What is expected:
An exact transcription of all the data is required; the pictures are to be left out.
-------- Data below --------
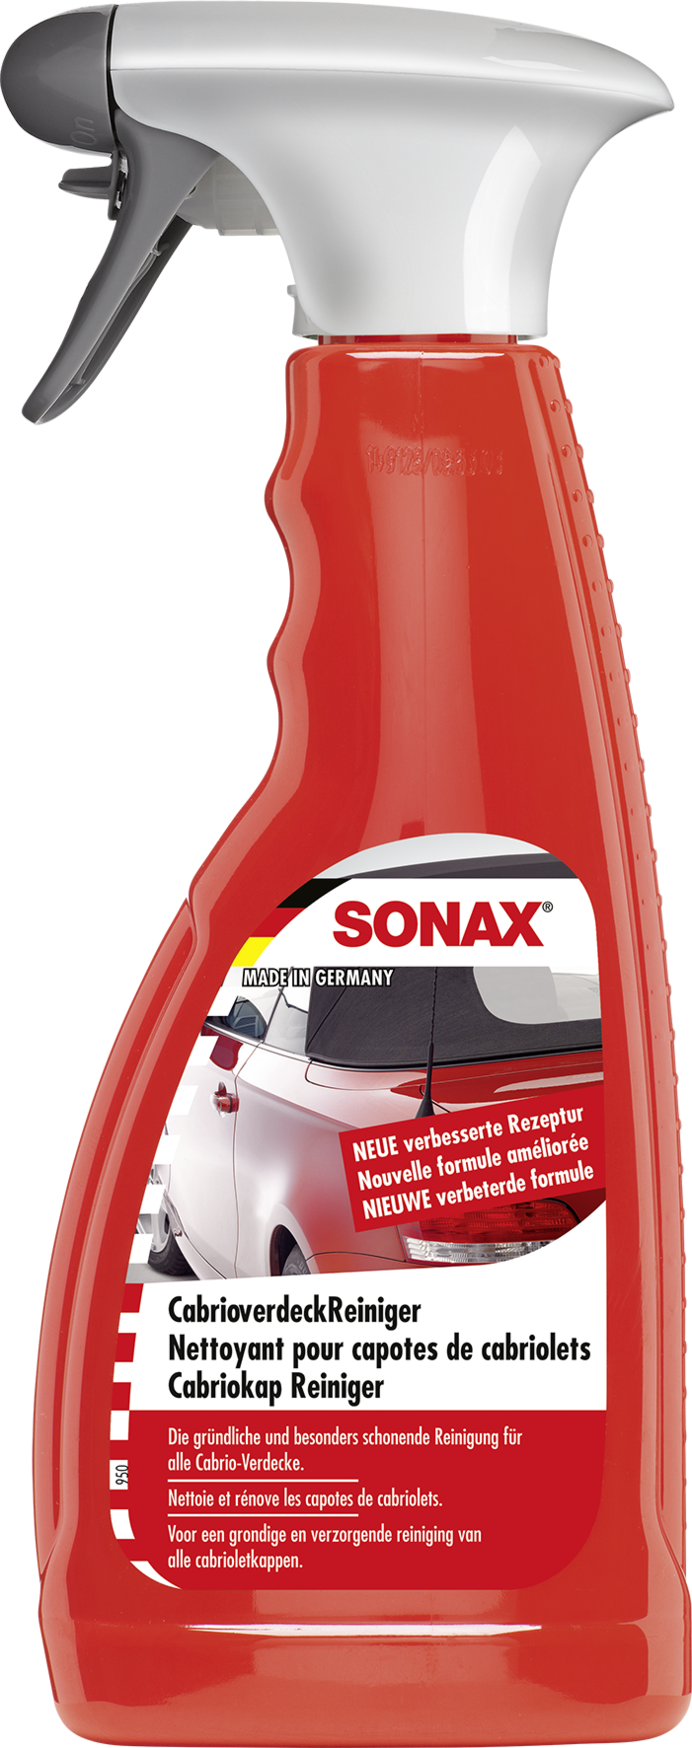 Sonax Cabrio Verdeck Reiniger 500ml - Cabrioverdeckpflege - Außen & Lack -  Pflege & Wartung 
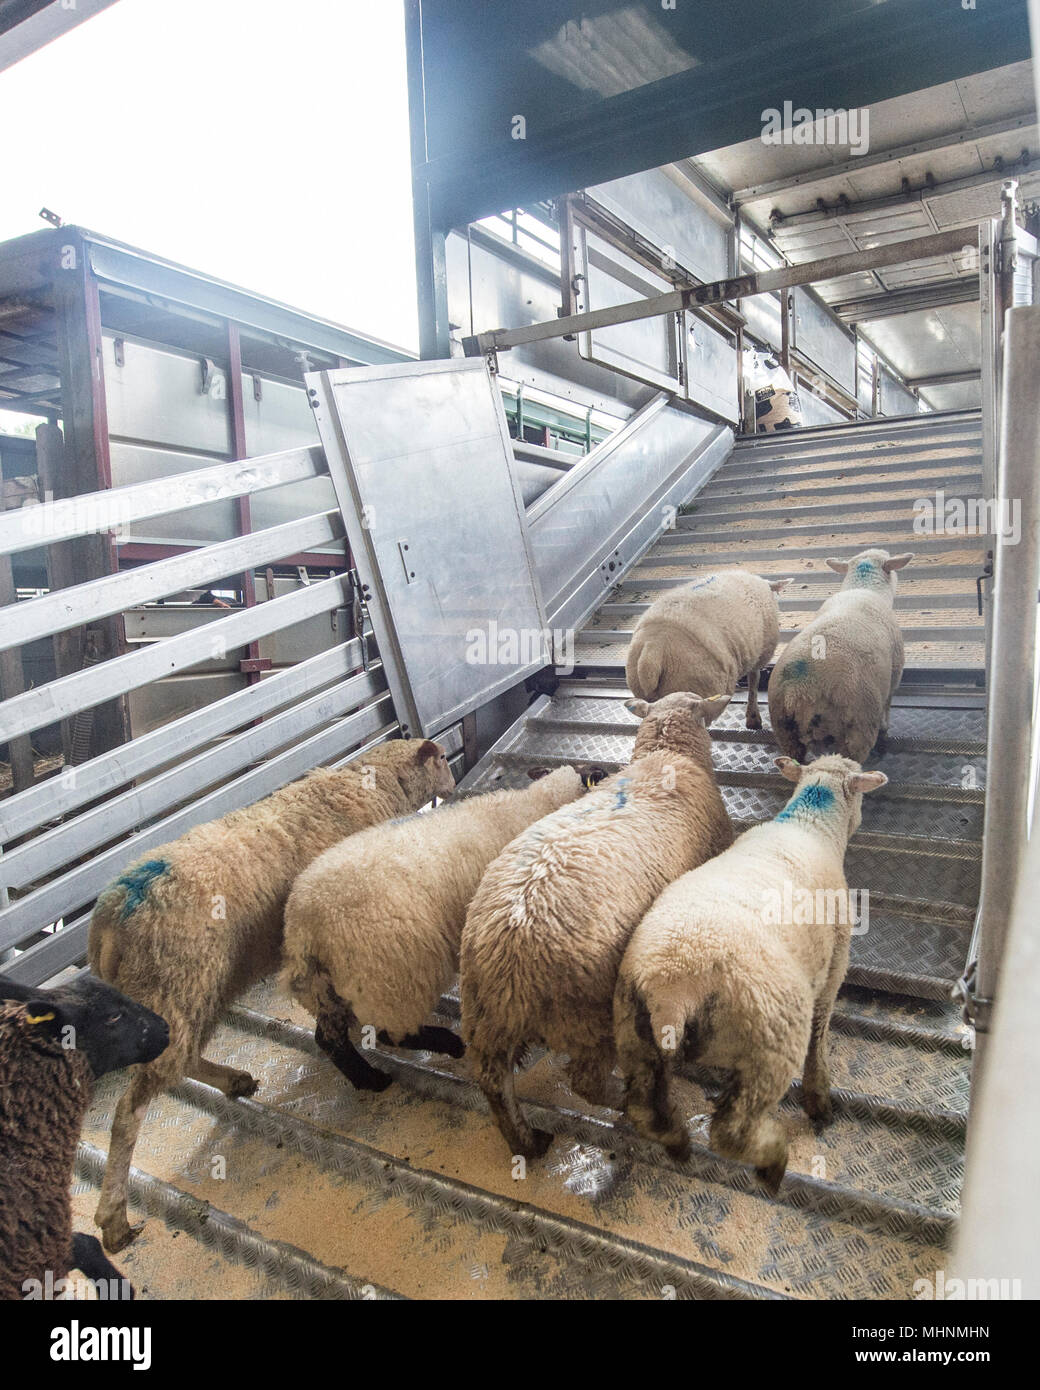 Les moutons chargement sur camion pour transport Banque D'Images
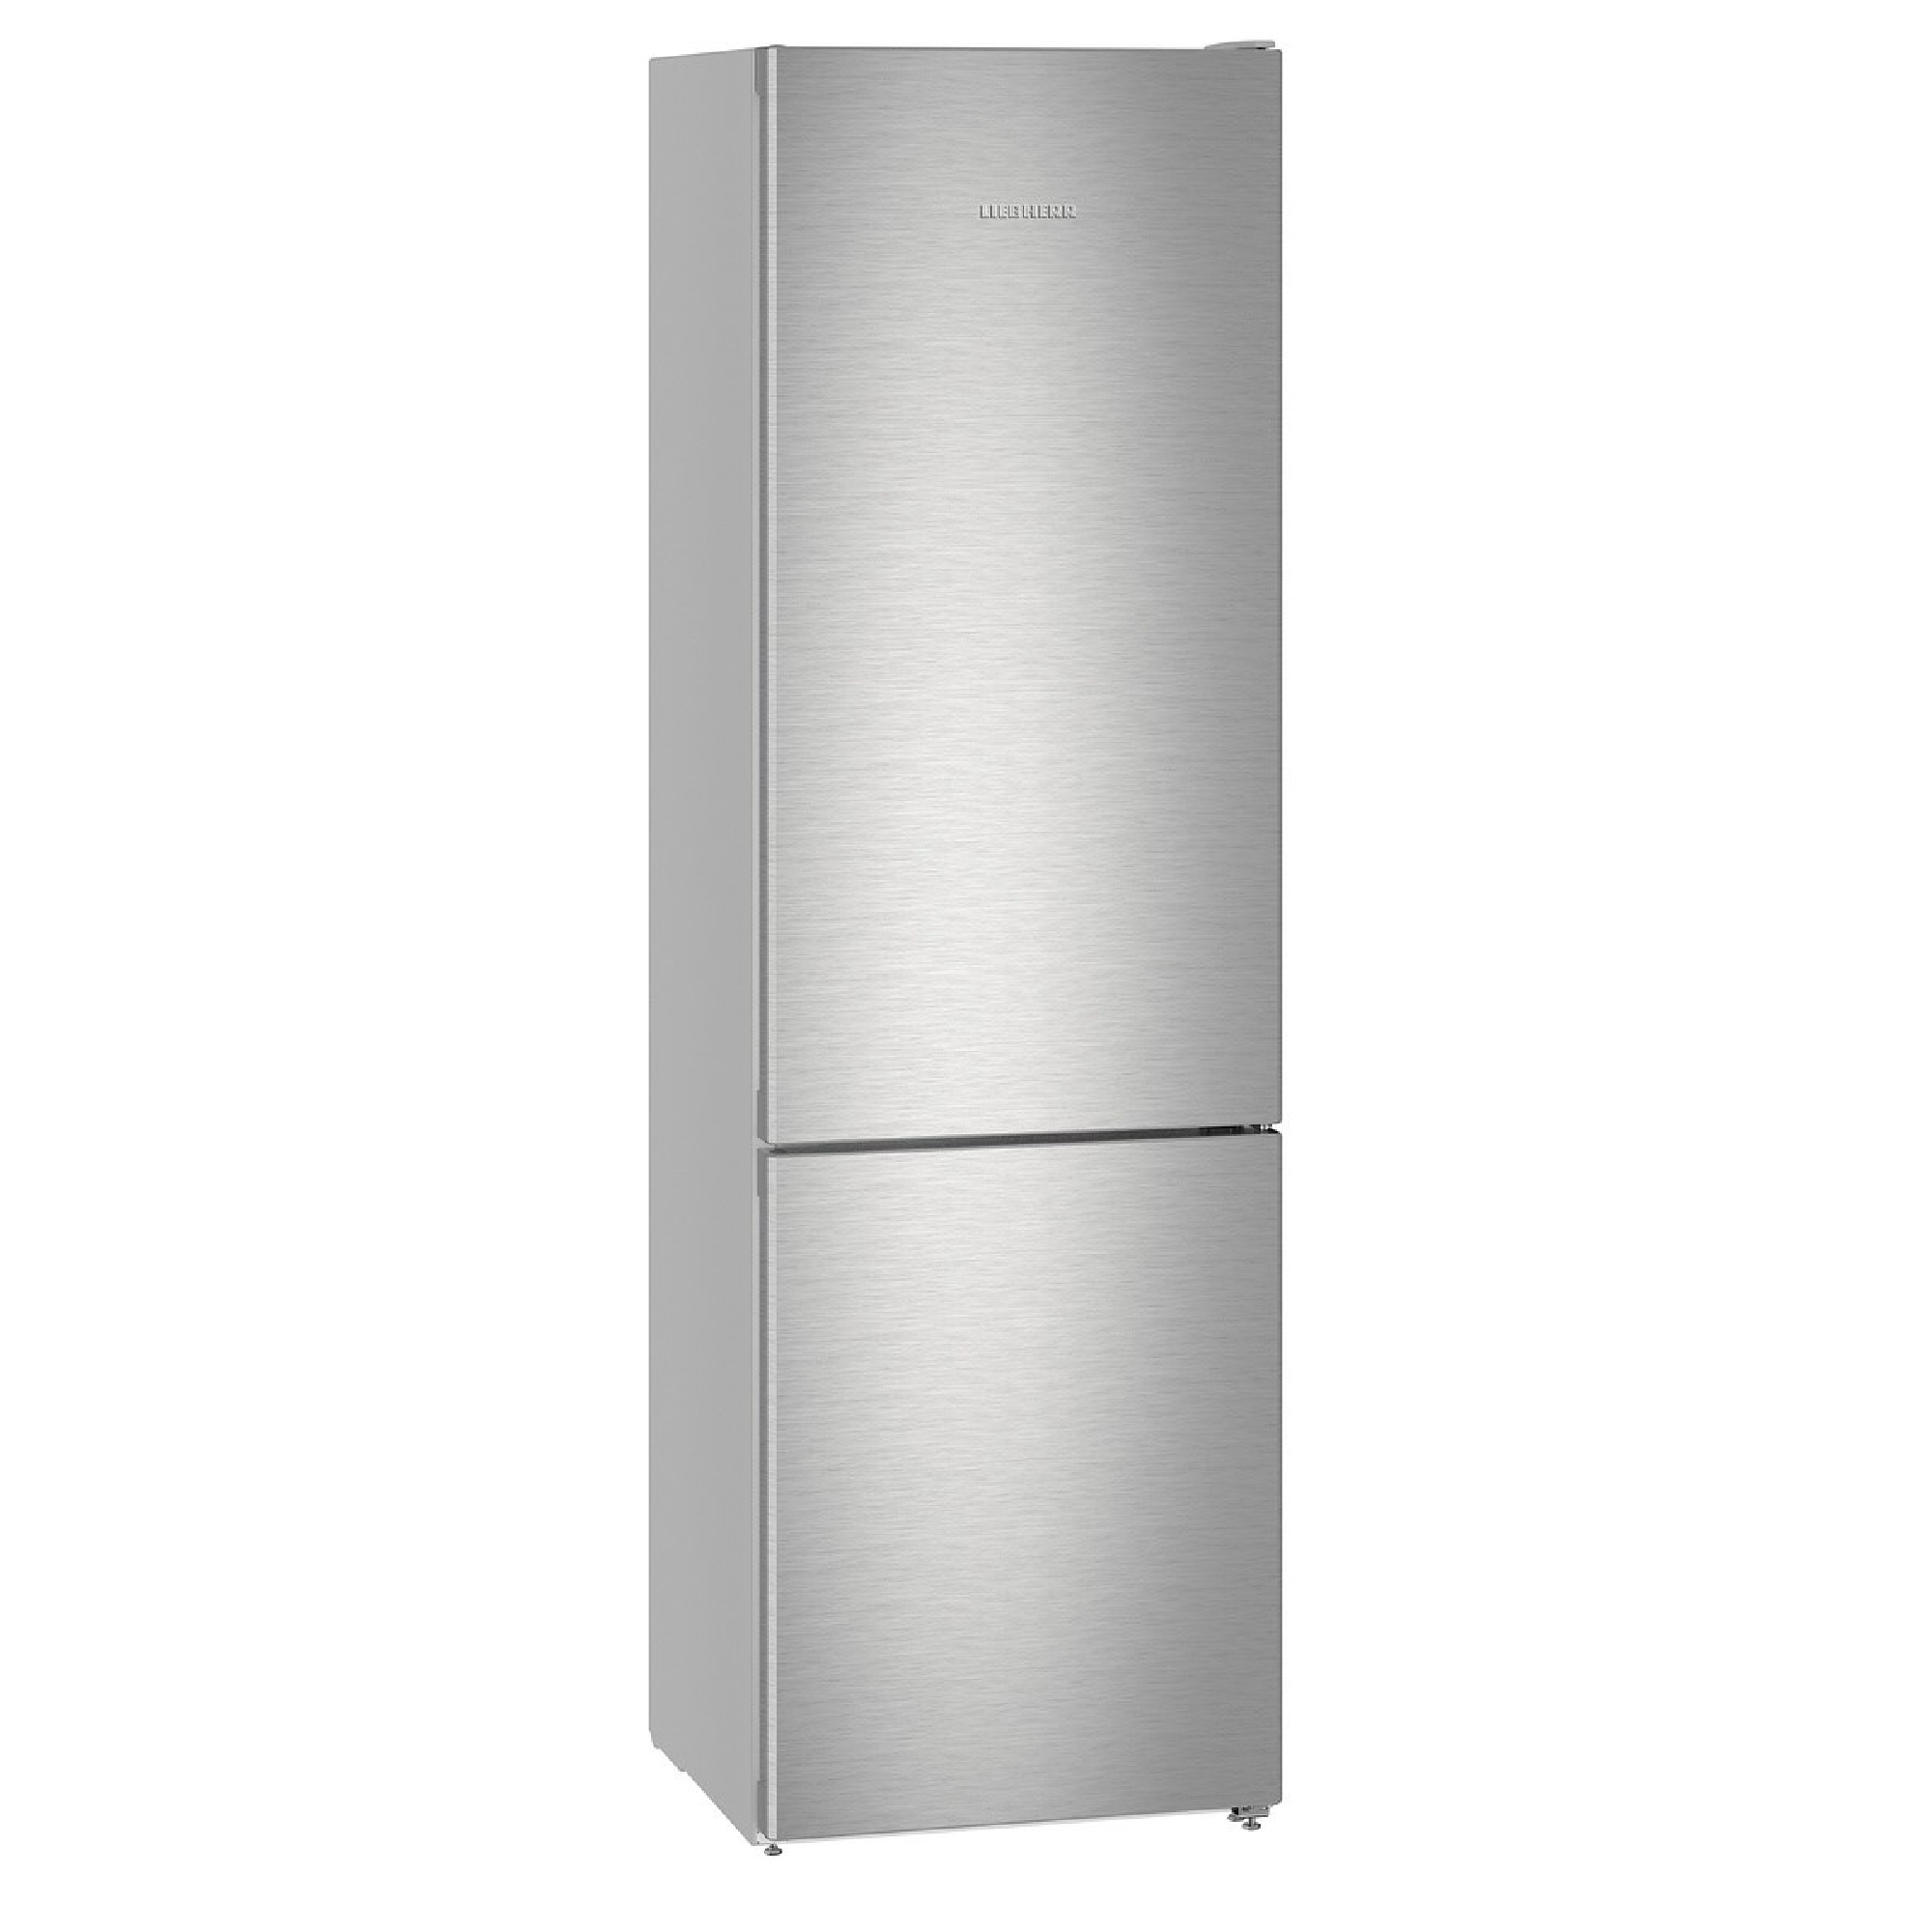 Купить холодильник в воронеже недорого. Холодильник Liebherr cnef5745. Холодильник Liebherr CUSL 2915. Холодильник ATLANT хм 4423-080 n. Холодильник Liebherr CNPES 4358.
--------
Result of this task:
 Sonax Cabrio Verdeck Reiniger 500ml - Cabrioverdeckpflege - Außen & Lack -  Pflege & Wartung 
 Les moutons chargement sur camion pour transport Banque D'Images
 Купить холодильник в воронеже недорого. Холодильник Liebherr cnef5745. Холодильник Liebherr CUSL 2915. Холодильник ATLANT хм 4423-080 n. Холодильник Liebherr CNPES 4358.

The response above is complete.